BACKGROUND ART [0002] The background art of the present invention is disclosed in Korean Patent Laid-Open Publication No. 2010-0040181 (published on Apr. 19, 2010, entitled "Photovoltaic Power Generation Device").

There is a problem that an electric current is leaked through a connection portion between the optical module and the fixing base in the related art to generate electric loss.

Therefore, there is a need to improve this.

SUMMARY OF THE INVENTION It is an object of the present invention to provide a photovoltaic power generation system in which a connection portion between an optical module and a fixing base is insulated to prevent electric loss.

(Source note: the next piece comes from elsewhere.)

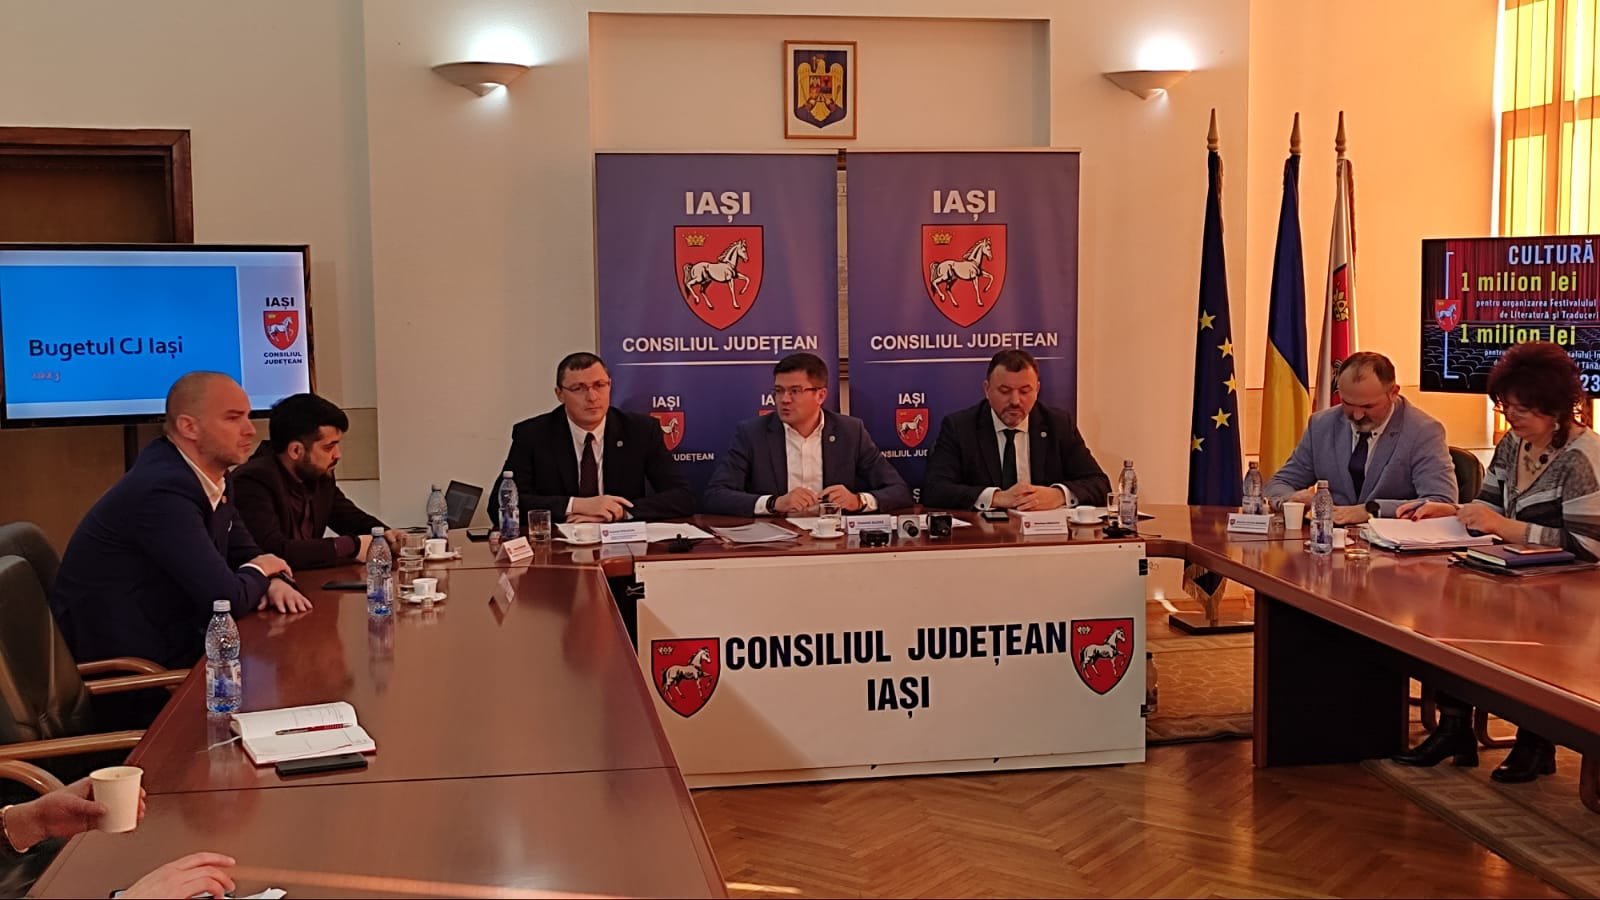  Bugetul județului Iași, cât costă timpul pierdut: s-au dublat costurile pentru Axa rutieră Iași-Suceava și pentru restaurarea Filarmonicii

A solar photovoltaic device according to one aspect of the present invention includes: a fixing part fixedly installed on a fixture; An optical module unit mounted on the fixing unit and generating electricity by solar light; And an insulation unit for shielding an electrical loss to a connection site between the fixing unit and the optical module unit.

The fixing portion includes: a fixing plate mounted on the fixture; A support plate rotatably mounted on the fixing plate and coupled with the optical module unit; A guide plate mounted on the fixing plate and having a guide hole; And a control plate which is moved along the guide hole and is coupled to the guide plate, and is rotatably mounted on the support plate to adjust the angle of the support plate.

The insulating portion may be an insulating pad disposed between the fixing portion and the optical module portion.

And the insulating portion is an insulating tape disposed between the fixing portion and the optical module portion.

The insulating portion is an insulating layer for coating the fixing portion and the optical module portion.

The photovoltaic device according to one aspect of the present invention may further include a coupling part for coupling the fixing part and the optical module part, wherein the coupling part includes an insulating material.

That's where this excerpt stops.